2. Patients and Method
This was a cross-sectional descriptive and analytical study with prospective data collection. It was carried out over a three-month period from July 10 to October 10, 2019. It was represented by a group of patients suffering from diabetes mellitus and who consulted in the Endocrinology department during the study period. Were included in the study, patients aged at least 18 years, suffering from diabetes mellitus (type 1 or 2), having consulted in the Endocrinology department of the CNHU-HKM, undergoing a background examination eye in the Ophthalmology department and consenting to the study. All patients with blindness and pregnant women were excluded from the study. An exhaustive recruitment of all patients meeting our study criteria was carried out. The dependent variable was represented by diabetic retinopathy. The independent variables were for non modifiable risk factors which were age, sex, type of diabetes, duration of diabetes, age of onset of diabetes, family history of diabetes and high blood pressure. Modifiable risk factors such as level of education, occupation, overweight, obesity and abdominal obesity, alcoholism, smoking, physical inactivity, nephropathy, neuropathy, treatment with insulin, oral antidiabetics (ADO) and herbal teas, diabetes imbalance (glycated hemoglobin > 7%), LDL and total hypercholesterolemia, hypertriglyceridemia and the presence of a significant 24-hour microalbuminuria.
Data collection was carried out by a questionnaire and a smartphone on which the Kobo-collect software for data recording was installed. All patients received a free fundus in the ophthalmology department. Data analysis was performed with SPSS software version 25.0. Proportions were calculated for qualitative variables. Means and standard deviations were calculated for the description of quantitative variables. Bivariate analysis was performed to identify associated factors. The comparison of the proportions was made using Fisher’s tests, Yates’s Chi2 and Pearson’s Chi2. The Fisher test was considered when the smallest theoretical size was less than or equal to 3, Yates’ Chi2 when it is greater than 3 and less than or equal to 5 and Pearson’s Chi2 when it is strictly greater than 5. The difference was statistically significant for a p-value less than 0.05. The strength of the association was assessed using the Odds Ratio (OR) and its 95% confidence interval (95% CI OR). The tables and figures were performed using Microsoft Office Word and Excel version 2016 software. The patients’ oral, free and informed consent was obtained. All data collected anonymously during the investigation was used only for this study and was kept strictly confidential. The difficulty encountered was the non-availability of patients to honor ophthalmology appointments.
3. Results
3.1. Frequency of Diabetic Retinopathy
A total of 174 subjects were included, of which 53 had diabetic retinopathy, then a frequency of 30.46%.
3.2. Risks Factors Associated with Diabetic Retinopathy
3.2.1. Modifiable Risk Factors
Sociodemographic Characteristics
Table 1 shows the distribution of diabetic retinopathy according to marital status, level of education, professional status and religion.
Occupation was the only modifiable socio-demographic factor associated with the occurrence of diabetic retinopathy (p = 0.035). Retired people (odds ratio at 13.51 with a confidence interval between 1.70 and 107.25) as well as employees
Table 1. Diabetic retinopathy (DR) according to marital status, level of education, professional status and religion.
* = significative p.
(odds ratio at 11.51 with a confidence interval between 1.42 and 92.74) were the most affected by diabetic retinopathy.
3.2.2. Behavioral Factors
Table 2 illustrates the distribution of the occurrence of diabetic retinopathy (DR) according to behavioral factors.
There was no statistically significant association between behavioral factors and the occurrence of DR.
3.3. History of Peripheral Neuropathy and Nephropathy
Table 3 shows the distribution of the frequency of diabetic retinopathy (DR) according to the history of peripheral neuropathy and nephropathy.

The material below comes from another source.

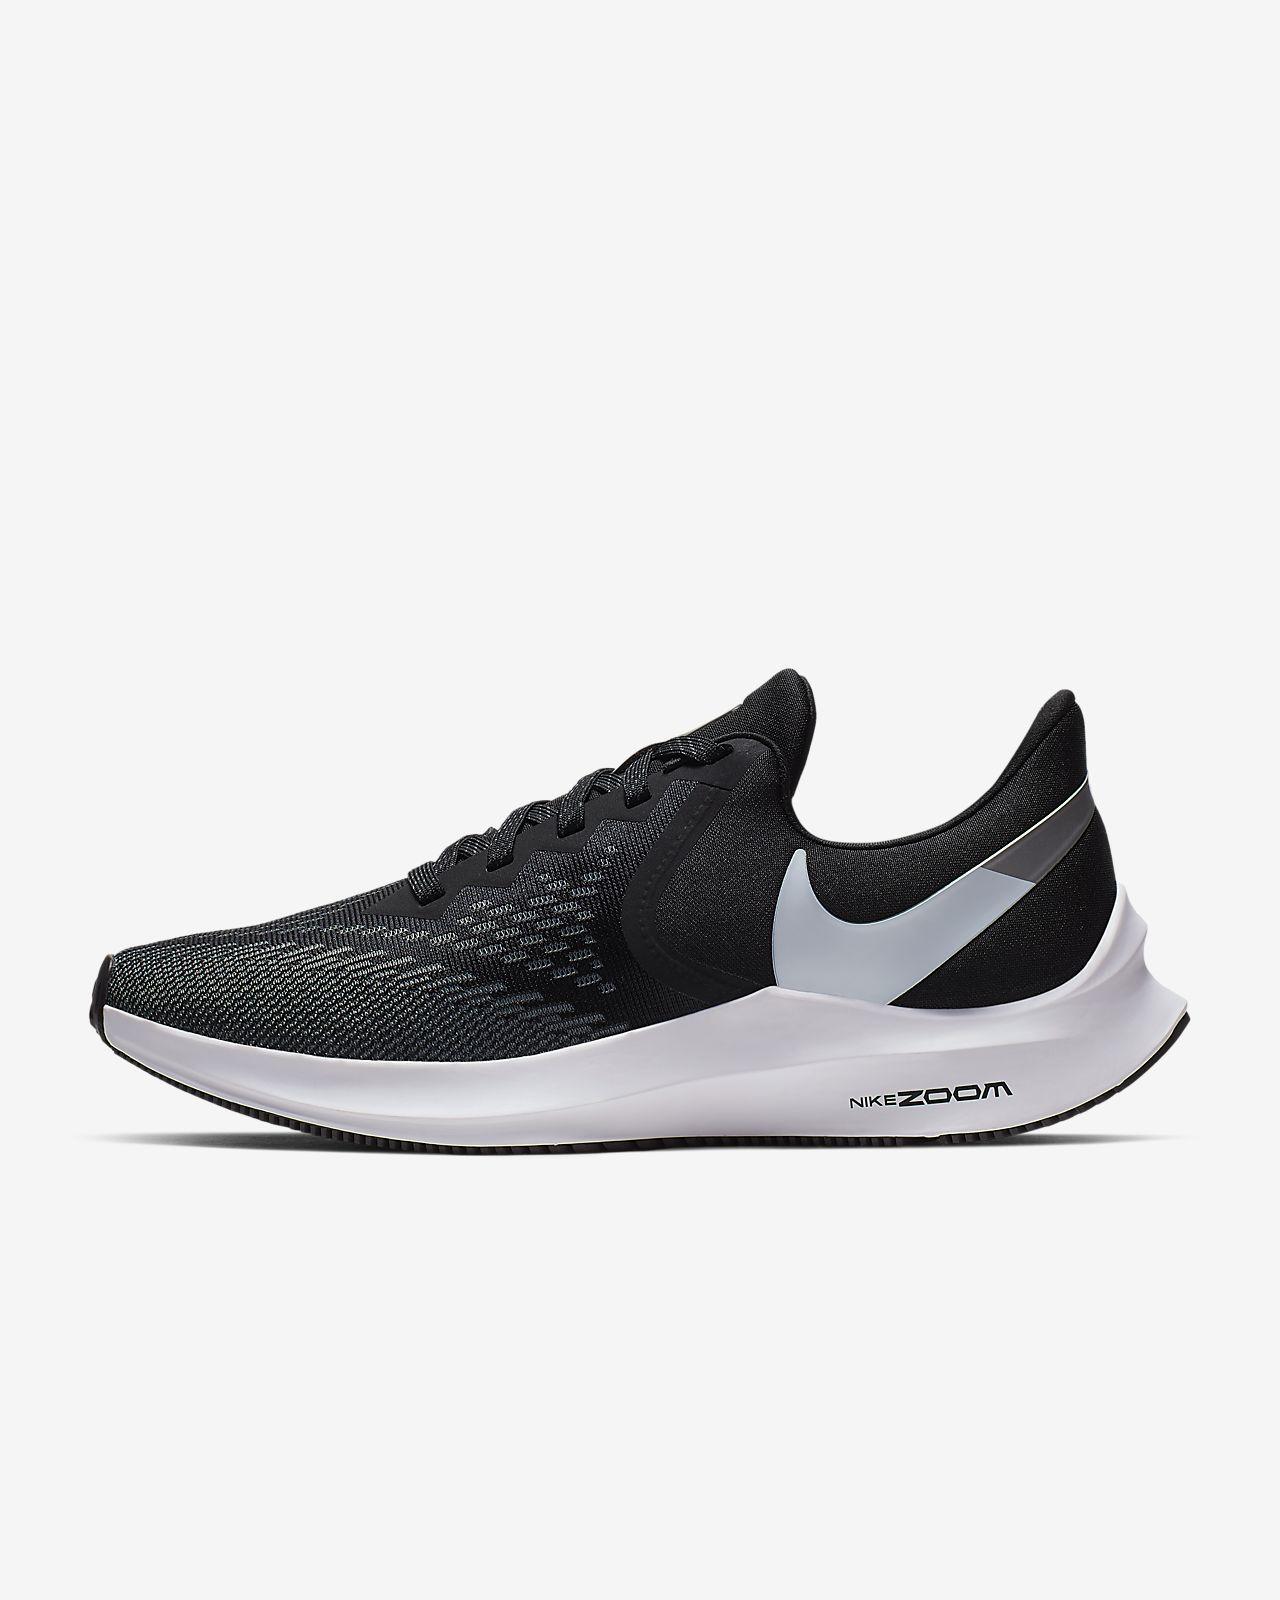 Nike Air Zoom Winflo 6 Men's Running Shoe (Black) | Running

Table 2. Occurrence of diabetic retinopathy according to behavioral factors.
Table 3. Frequency of DR according to the history of peripheral neuropathy and nephropathy.
There was a statistically significant association between DR and the existence of nephropathy (p = 0.024). Patients with nephropathy were more likely to have DR than others (odds ratio 4.02 with a confidence interval of [1.13 - 14.22]).
3.4. Antidiabetic Treatment
Table 4 shows the distribution of the occurrence of DR according to the antidiabetic treatment.
There was no statistically significant association between diabetes treatment and DR.
3.5. Anthropometric Factors
Table 5 summarizes the distribution of the occurrence of DR according to anthropometric factors.
There was no statistically significant association between these factors and the existence of diabetic retinopathy.
Table 4. Distribution of DR according to antidiabetic treatment.
HDM = Hygiene and dietetic measures; OAD = Oral antidiabetics.
Table 5. Distribution of DR according to anthropometric factors.
NCEP* = National Cholesterol Prevention Program; IDF** = International diabetes federation.
3.6. Biological Parameters
Table 6 shows the distribution of the occurrence of DR according to the biological parameters.
Glycemic imbalance was strongly associated with the development of DR (p < 0.001). People who had glycated hemoglobin ≥ 7% were the most affected by this condition (odds ratio at 3.36 with a confidence interval of [1.60 - 7.04]). There was an association between 24-hour microalbuminuria and the existence of DR. Subjects with significant 24-hour microalbuminuria (>30 mg) were more likely to have DR (p = 0.066).
3.7. Non-Modifiable Risk Factors
Sociodemographic characteristics
Table 7 shows the distribution of the frequency of DR by age, sex and ethnicity.
There was no statistically significant association between age, gender, ethnicity and DR.
3.8. History of High Blood Pressure and Familial Diabetes
Table 8 shows the distribution of the frequency of DR according to the history of high blood pressure and familial diabetes
There was a significant association between diabetic retinopathy and high blood pressure (p = 0.002). DR was much more common in people with hypertension (odds ratio of 3.45 with a confidence interval of [1.49 - 7.96]).
Table 6. Distribution of DR according to the biological parameters.
* = significative p.
Table 7. Frequency of DR by age, sex and ethnicity.
Table 8. Frequency of DR according to the history of high blood pressure (HBP) and familial diabetes.
* = significative p.
3.9. Characteristics of Diabetes
Table 9 shows the distribution of the occurrence of DR according to the age of discovery of diabetes, the type of diabetes and its duration.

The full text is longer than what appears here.